# Awake at night??? what the heck???



## camb (Nov 17, 2009)

So recently my tegu has been slowing down. And I haven't been seeing her much lately, I figured it was some form of hibernation. I would still see her in the morning every three days or so, and offer yer some food. But two nights ago I came down to the cage at about 10:00pm to change her water and mist the cage, and about ten mnutes later she woke up. I thought this was just cause I was messing in her cage. But just now I came down to do the same. And she was allready up???? She was crawling around and looked very hungry.
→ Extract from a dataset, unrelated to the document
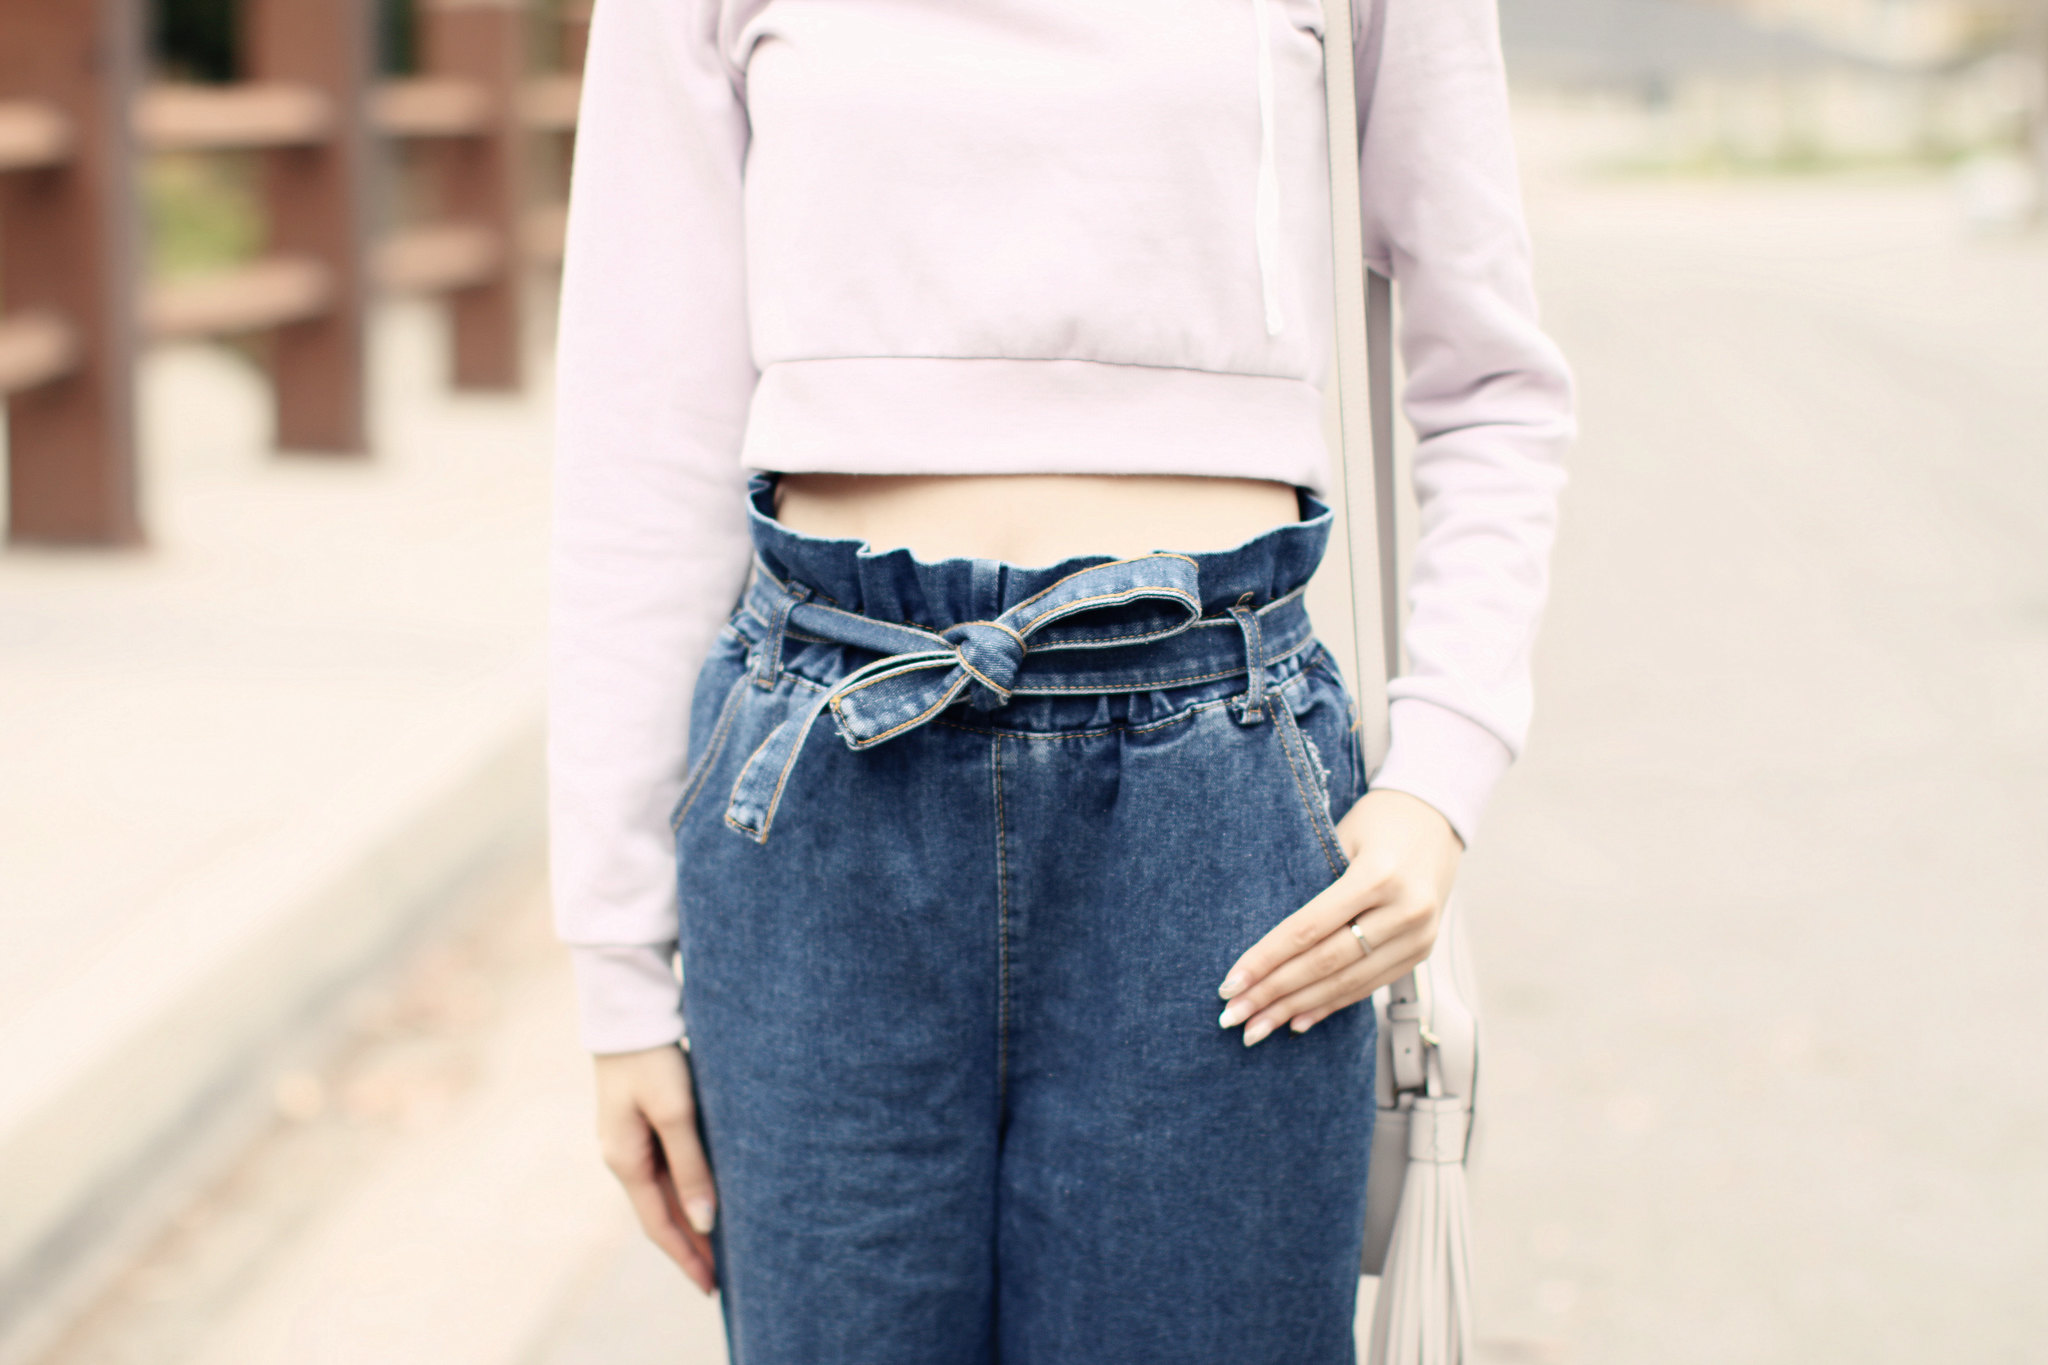 5092-ootd-fashion-style-outfitoftheday-wiwt-streetstyle-zara-f21xme-denim-thrifted-guess-koreanfashion-lookbook-elizabeeetht-clothestoyouuu

So I gave her some stawberries and blue berries as it was all I had on hand. What would cause her to be up at these times and not at all durring the day?? Is it possible that some reason with the decreased hours of daylight I'm giving her in the winter, her day and night cycles switched or something?? I have no idea what's happening, so any insight would be helpful.


----------



## lazyjr52 (Nov 17, 2009)

How many hours are you leaving on her lights?


----------



## reptastic (Nov 17, 2009)

i have been having a similar situation with my b/w tegu i have seen him woke as late a 2 am searching for food i cut all his lights off but he is still up he is up during the day but only eats late i dont know what it is but i just let him do his thing


----------



## rrcoolj (Nov 17, 2009)

I wouldn't think much of it. My little guy used to do that a little like he was confused or something. I just held him for a few seconds and then placed him in his hide and he was out. But I would give it a few days and she should be back to normal.


----------



## Kingwolf26 (Nov 27, 2009)

Mine is also doing that. I even took her to work with me to see the sunshine and she hasn't had her heat lamp since she goes out with me and she still sleep all day and wakes at 2 also and goes all the way to 5. So she wakes me up when I want to sleep and goes to sleep when she should be awake. I think I did mess up her clock since I used to leave her light on 24 hours at one time. So now I am cursed


----------